Altro momento chiave del congresso sarà la presentazione del Nuovo Codice
Deontologico, che sostituisce e aggiorna il precedente Codice, che risaliva al 1999, e che
è il frutto di una capillare riflessione che ha coinvolto l'intero corpo professionale.
«Il Codice offre una cornice chiara e limpida del nostro agire professionale dove
l’infermiere, fin dall’articolo 1 non è più “un operatore sanitario”, ma “il professionista
sanitario responsabile dell’assistenza infermieristica” » osserva Silvestro.

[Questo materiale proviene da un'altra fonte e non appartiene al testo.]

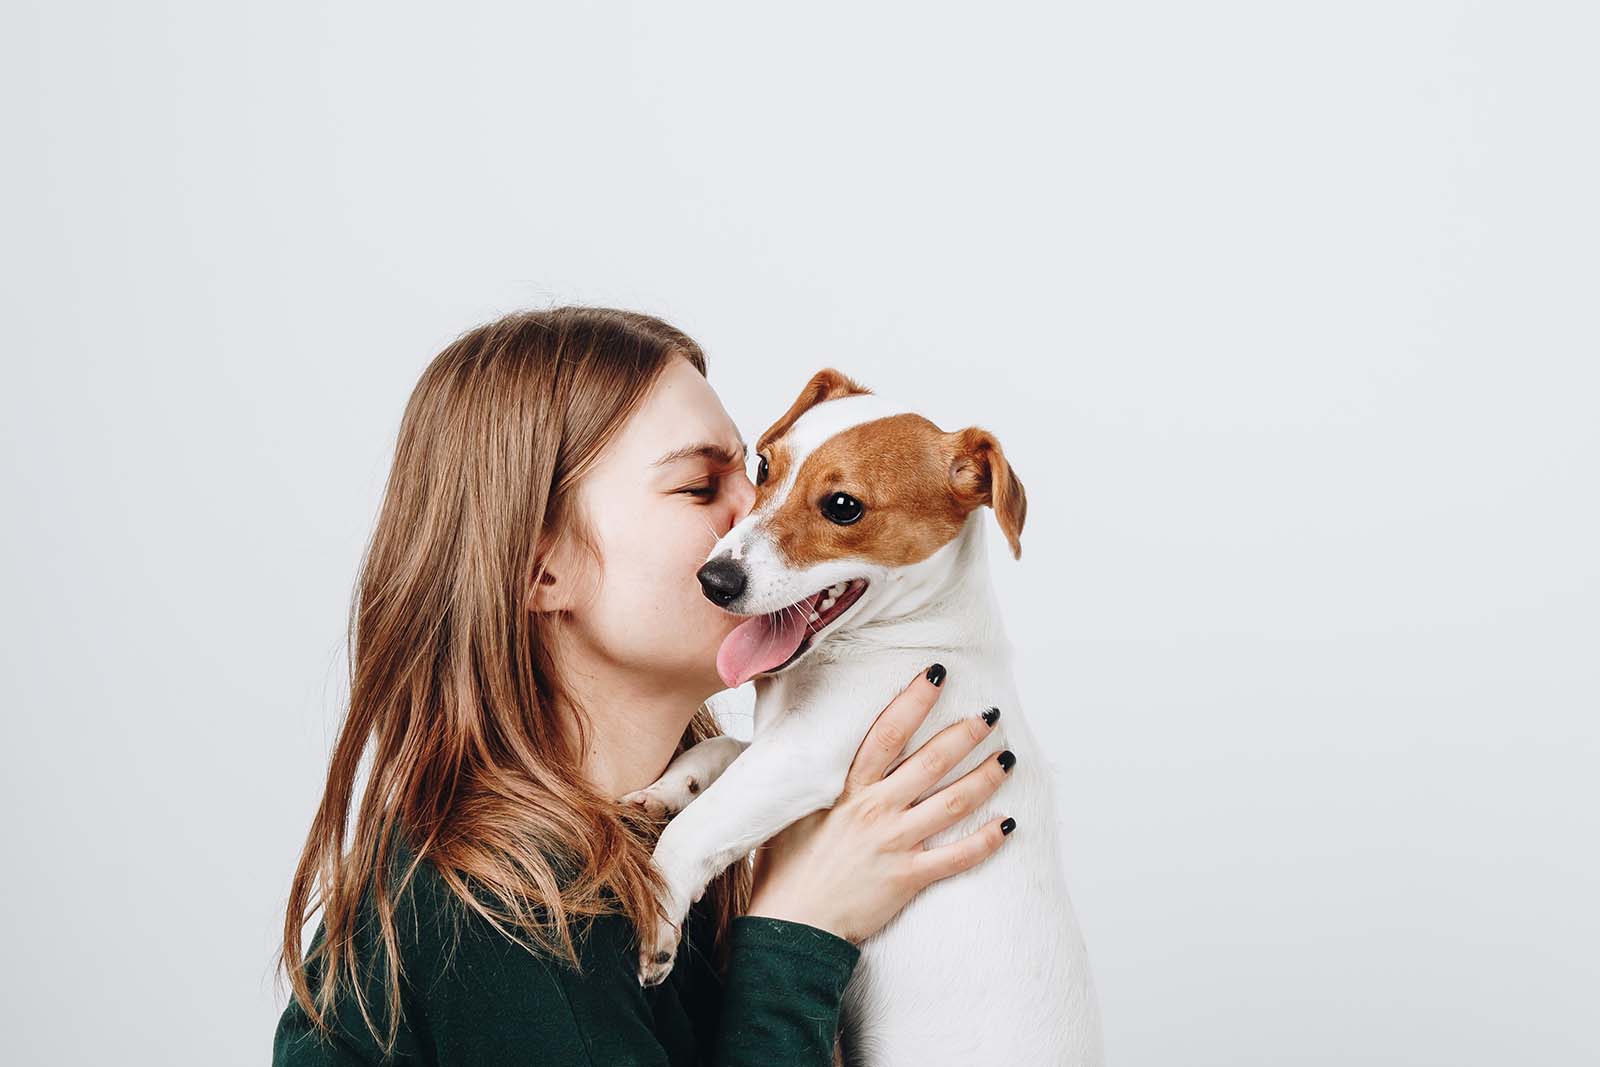 Kissing a dog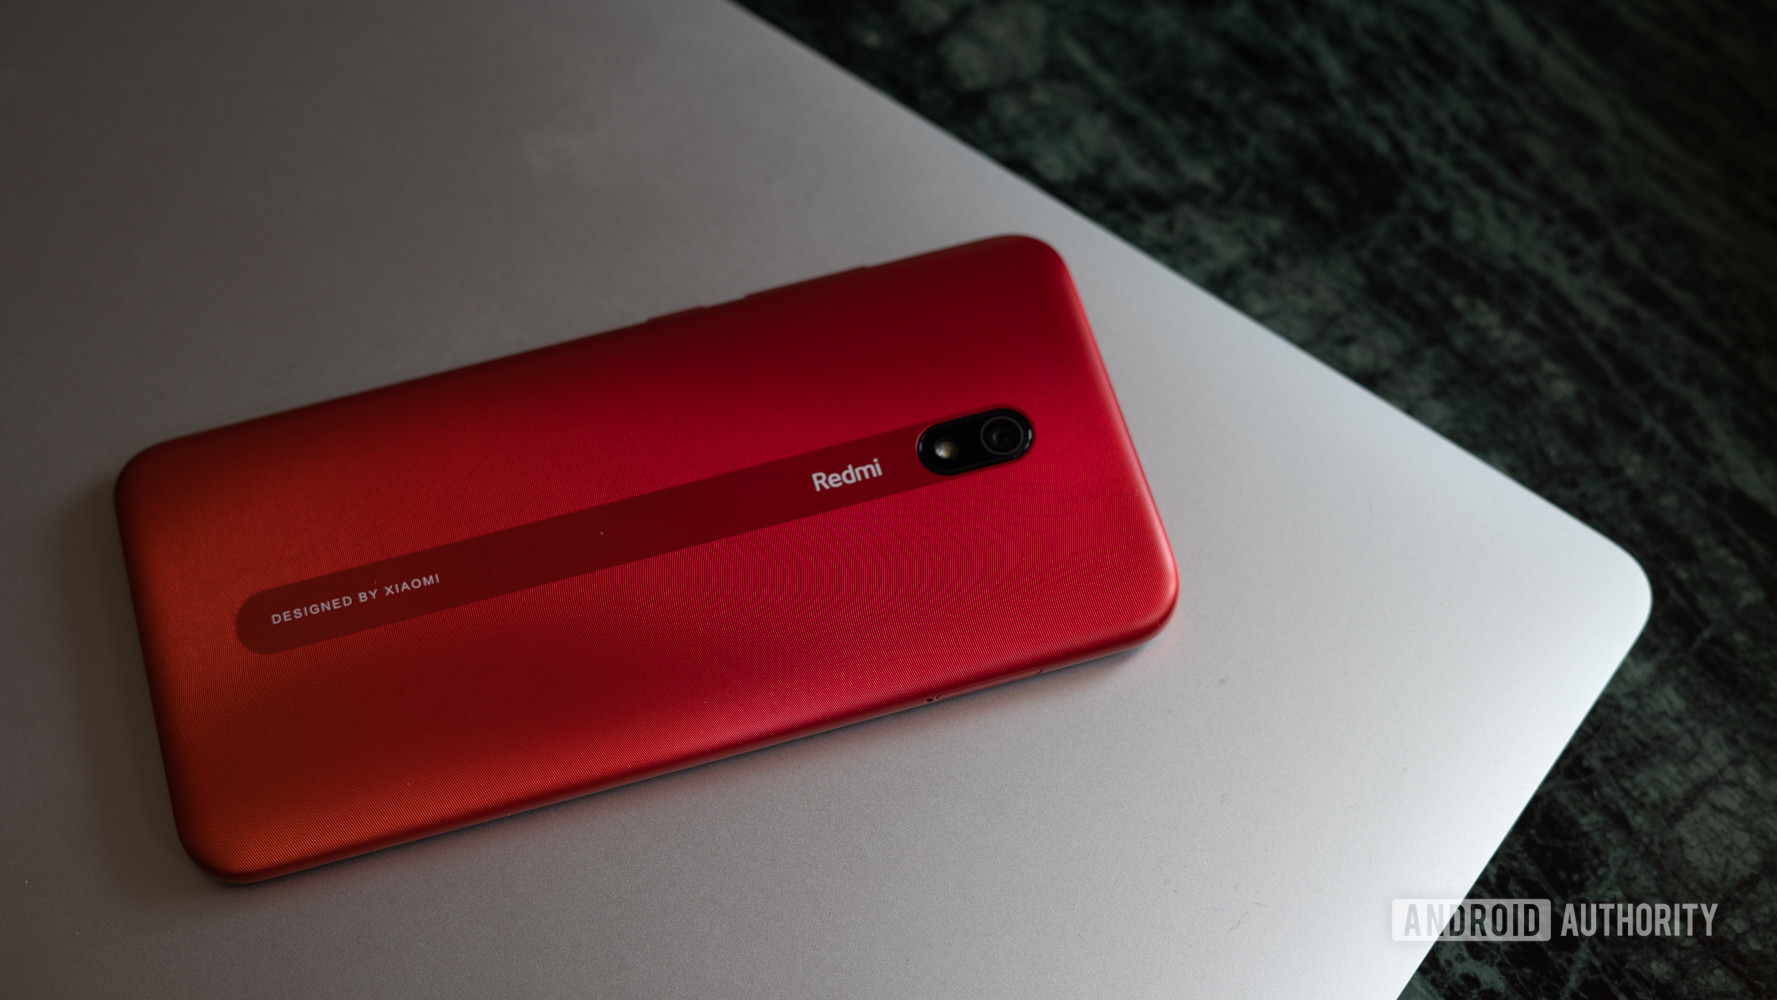 Xiaomi Redmi 8 Google Camera

Un professionista che, in quanto tale e anche nella sua individualità, “assiste la persona” e
la collettività. Nei suoi 51 articoli, il Codice dà alcune indicazioni sui temi che più
caratterizzano il dibattito bioetico di questi anni: il rispetto della volontà del paziente e il
diritto alla clausola di coscienza da parte dell'infermiere. Questa ipotesi ricorre all'articolo 8:
«L'infermiere, nel caso di conflitti determinati da diverse visioni etiche, si impegna a trovare
la soluzione attraverso il dialogo. Qualora vi fosse e persistesse una richiesta di attività in
contrasto con i principi etici della professione e con i propri valori, si avvale della clausola di
coscienza, facendosi garante delle prestazioni necessarie per l'incolumità e la vita
dell'assistito».
AI centro dell'attenzione anche l'articolo 37, secondo il quale «l'infermiere, quando
l'assistito non è in grado di manifestare la propria volontà, tiene conto di quanto da lui
chiaramente espresso e documentato».
«Con il nuovo Codice deontologico – afferma Silvestro – sanciamo definitivamente “l’atto
infermieristico”, inteso come il complesso delle attività, delle responsabilità, delle
prerogative, delle competenze e dei saperi dell’infermiere nell’esercizio della sua attività
professionale in tutti gli ambiti e in tutte le situazioni».